### Abstract

In this paper it is shown that the global existence in time and asymptotic profile of the solution of a mathematical model of tumour invasion with proliferation proposed by Chaplain et al. For this purpose we consider a related nonlinear evolution equation with strong dissipation and proliferation corresponding to our mathematical model and the initial Neumann-boundary value problem for the evolution equation. We prove the global existence in time of solutions to the problem for the nonlinear evolution equation in arbitrary space dimension by the method of energy.

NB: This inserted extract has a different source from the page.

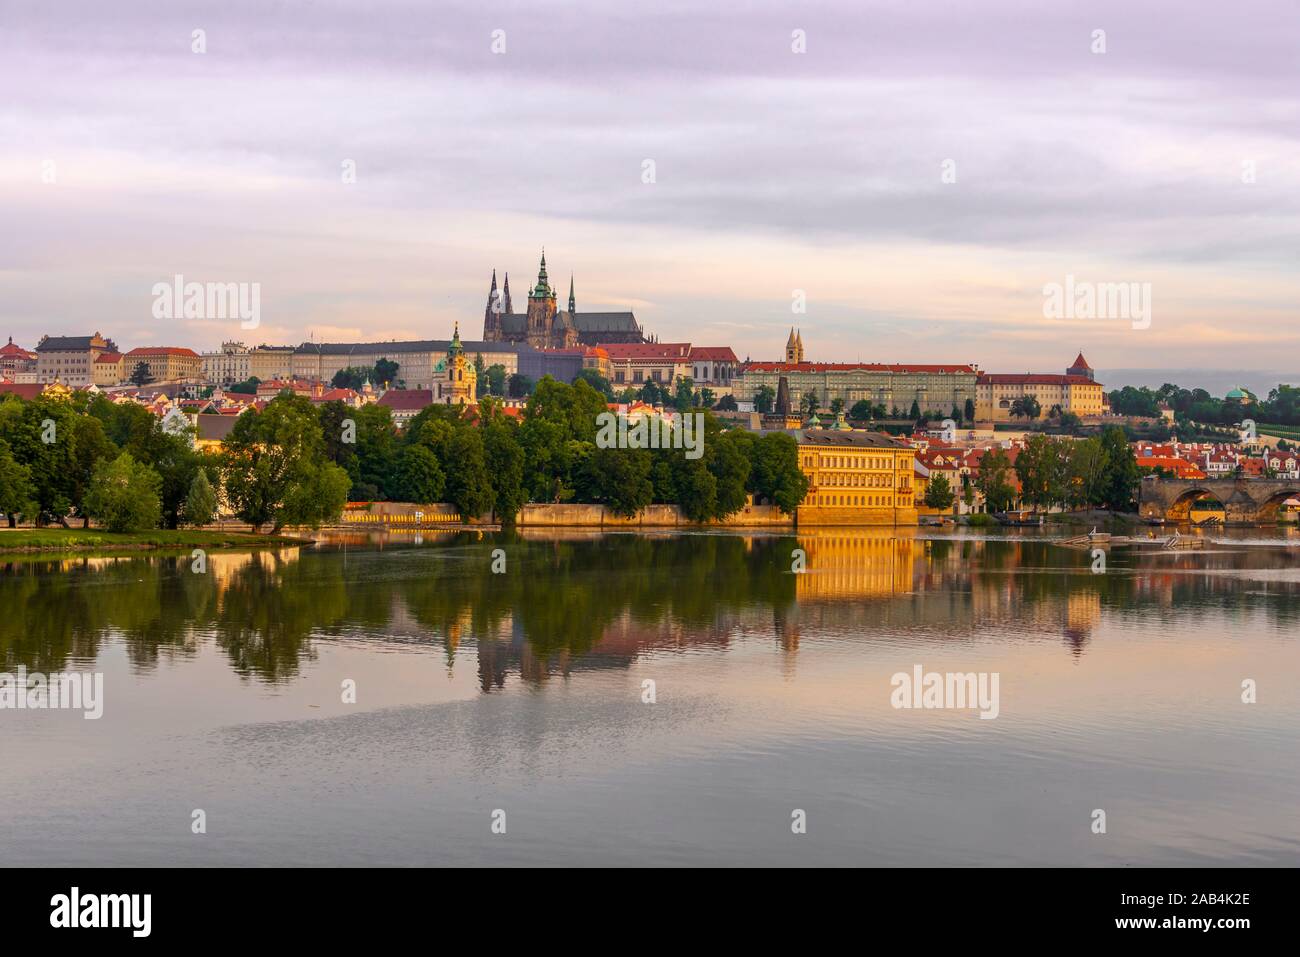 Vue sur la ville, la Vltava, le Pont Charles avec le Château de Prague et cathédrale Saint-Guy St, Prague, Bohemia, République Tchèque Banque D'Images

In this paper our main mathematical approach is heavily based on energy estimates. Applying our mathematical result of the problem to the tumour invasion model we will discuss the existence and property of solutions to the model which gives us a rigorous mathematical understanding of the model. Finally we will show the time depending relationship and interaction between tumour cells, the tissue and degradation enzymes by computer simulations of the model. It is seen that our mathematical result of the existence and asymptotic behaviour of solutions guarantees the validity of computer simulations and implies the pattern figure of each component of the model respectively.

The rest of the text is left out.